Here is the way it works. First, the system splits tasks between two language fashions: A “privileged LLM” (P-LLM) generates code that defines the steps to take—like calling a operate to get the final electronic mail or sending a message. Consider this because the “planner module” that solely processes direct person directions.
Subsequent, a “quarantined LLM” (Q-LLM) solely parses unstructured information into structured outputs. Consider it as a short lived, remoted helper AI. It has no entry to instruments or reminiscence and can’t take any actions, stopping it from being straight exploited. That is the “reader module” that extracts info however lacks permissions to execute actions. To additional forestall info leakage, the Q-LLM makes use of a particular boolean flag (“have_enough_information”) to sign if it may well fulfill a parsing request, somewhat than probably returning manipulated textual content again to the P-LLM if compromised.
The P-LLM by no means sees the content material of emails or paperwork. It sees solely {that a} worth exists, equivalent to “electronic mail = get_last_email()” after which writes code that operates on it. This separation ensures that malicious textual content can’t affect which actions the AI decides to take.
CaMeL’s innovation extends past the dual-LLM method.

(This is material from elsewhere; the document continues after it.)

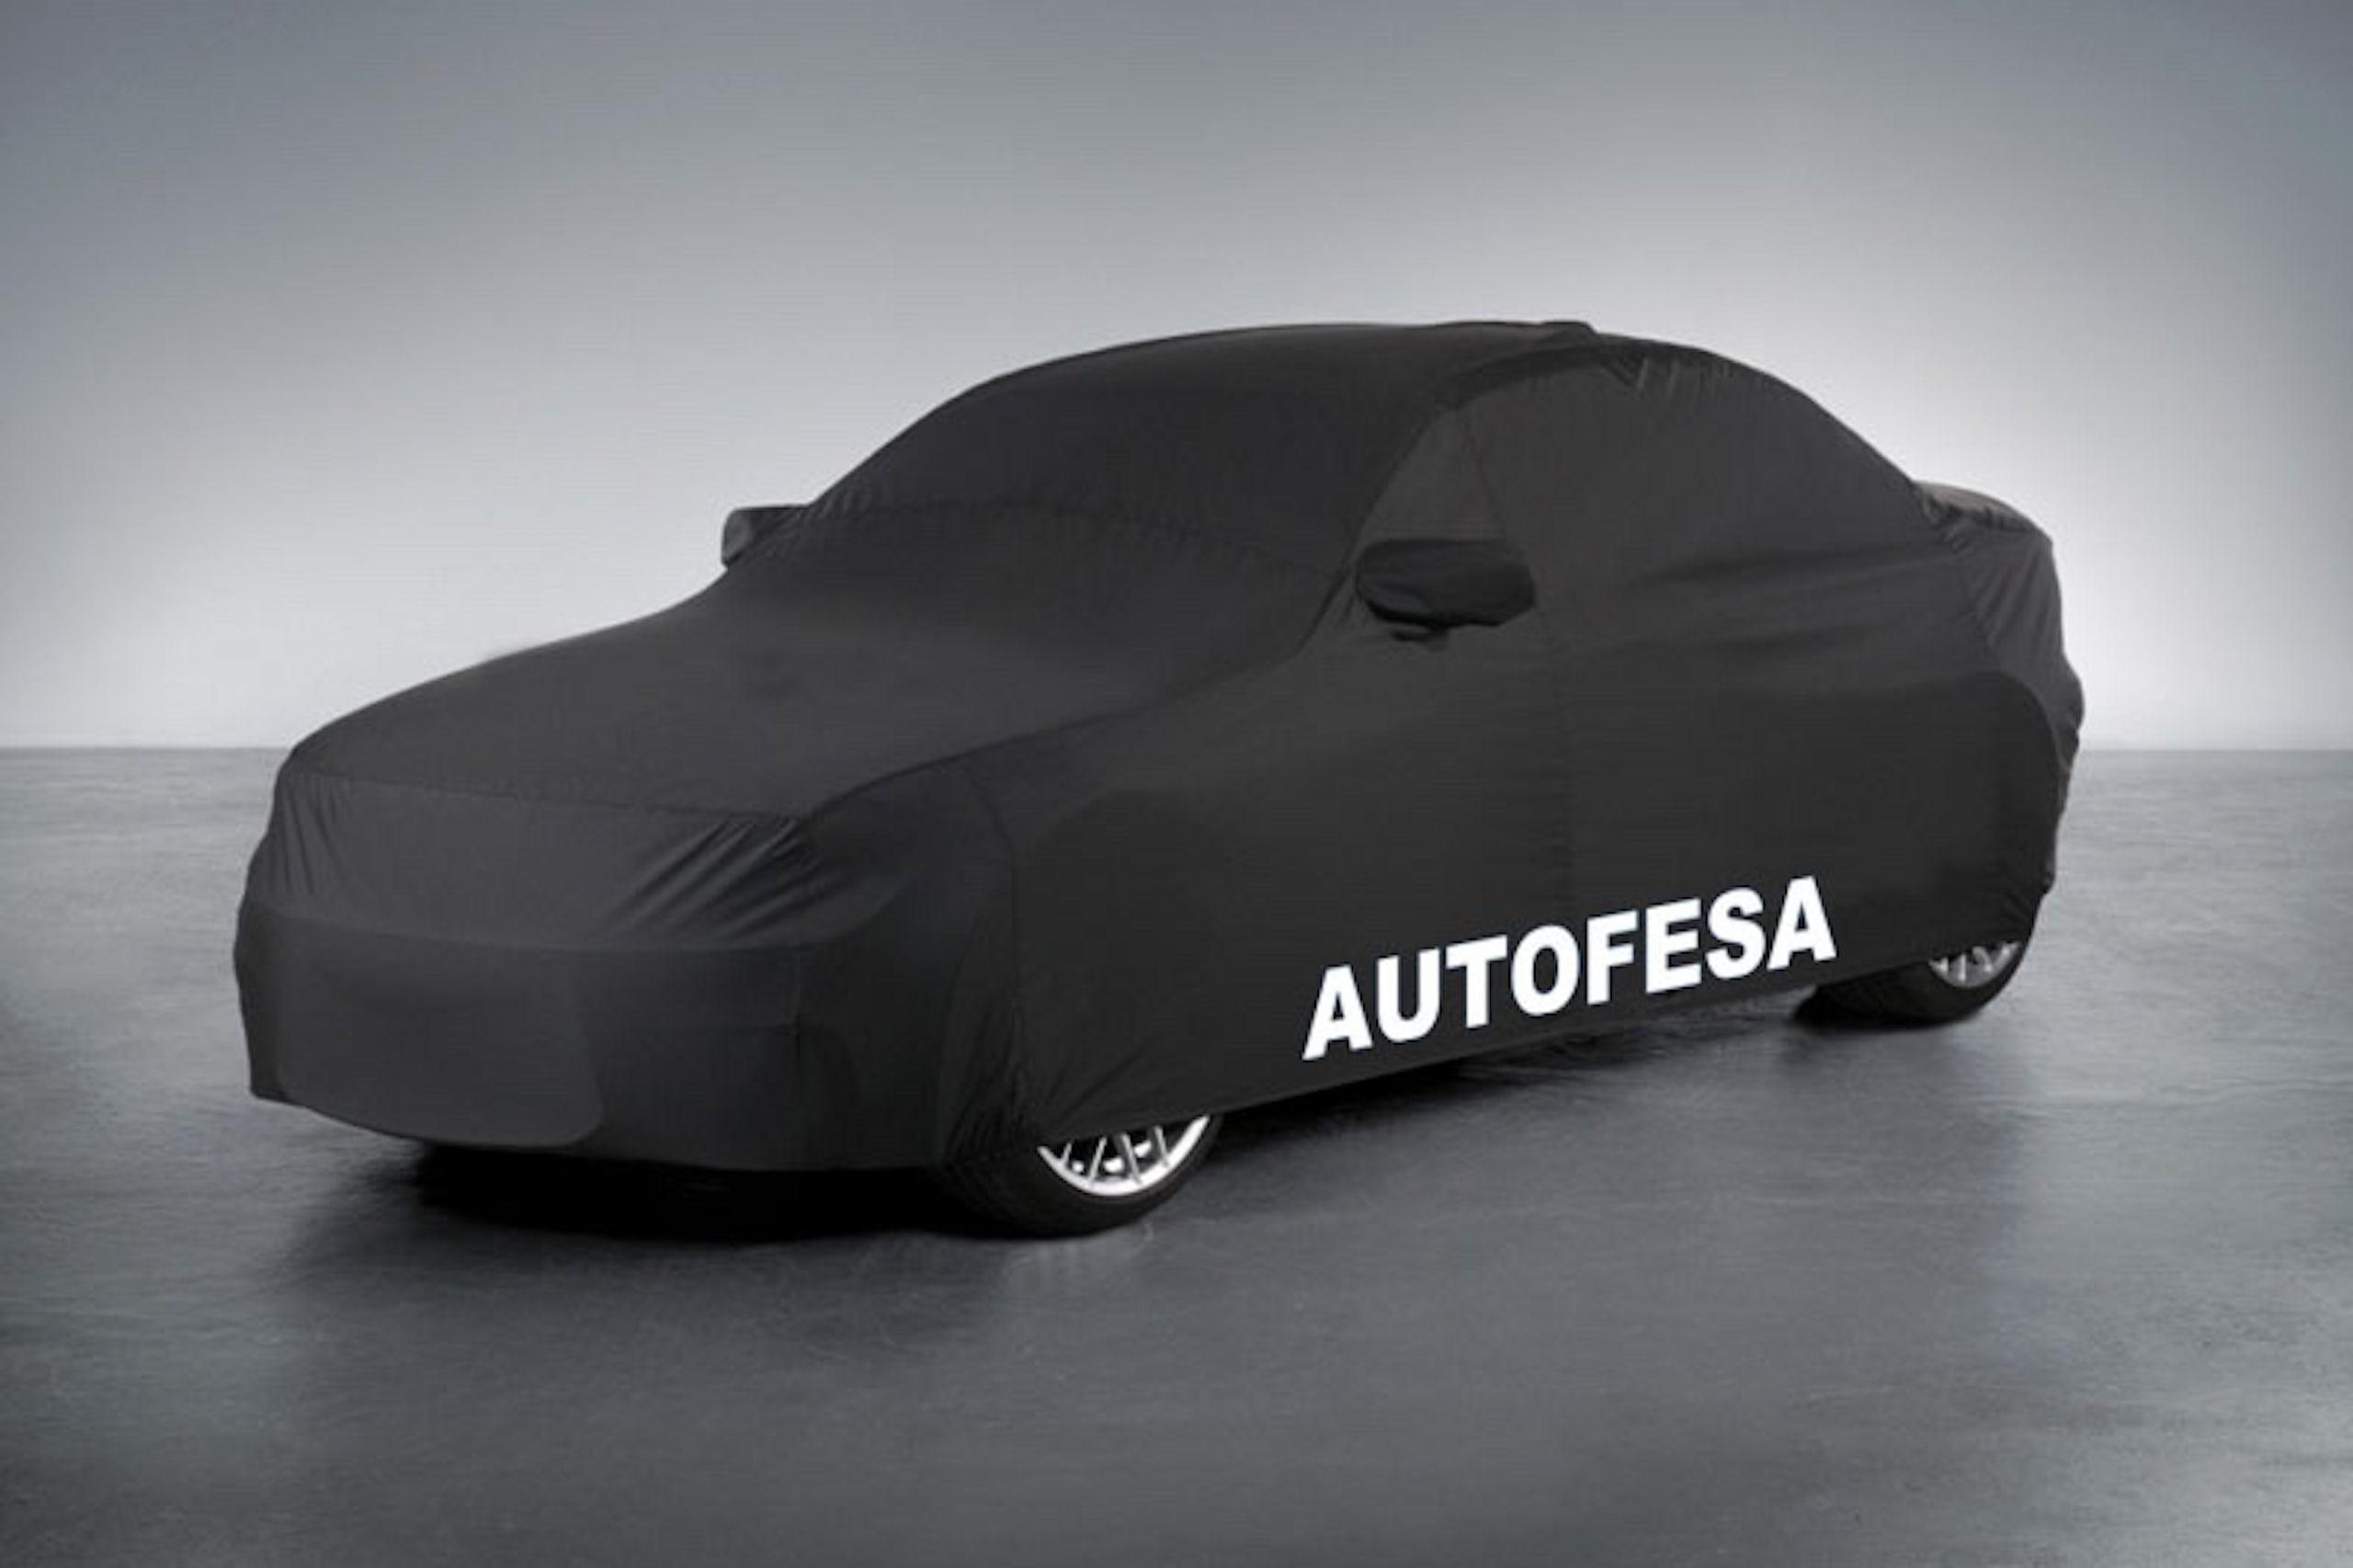 Audi Tt Roadster 2.0 TFSI 230cv quattro 2p Stronic Auto  S/S - Foto 30

CaMeL converts the person’s immediate right into a sequence of steps which can be described utilizing code. Google DeepMind selected to make use of a locked-down subset of Python as a result of each obtainable LLM is already adept at writing Python.
From immediate to safe execution
For instance, Willison provides the instance immediate “Discover Bob’s electronic mail in my final electronic mail and ship him a reminder about tomorrow’s assembly,” which might convert into code like this:
electronic mail = get_last_email() tackle = query_quarantined_llm( "Discover Bob's electronic mail tackle in [email]", output_schema=EmailStr ) send_email( topic="Assembly tomorrow", physique="Bear in mind our assembly tomorrow", recipient=tackle, )
On this instance, electronic mail is a possible supply of untrusted tokens, which implies the e-mail tackle may very well be a part of a immediate injection assault as properly.
Through the use of a particular, safe interpreter to run this Python code, CaMeL can monitor it intently. Because the code runs, the interpreter tracks the place each bit of knowledge comes from, which known as a “information path.” As an illustration, it notes that the tackle variable was created utilizing info from the doubtless untrusted electronic mail variable. It then applies safety insurance policies primarily based on this information path. This course of entails CaMeL analyzing the construction of the generated Python code (utilizing the ast library) and working it systematically.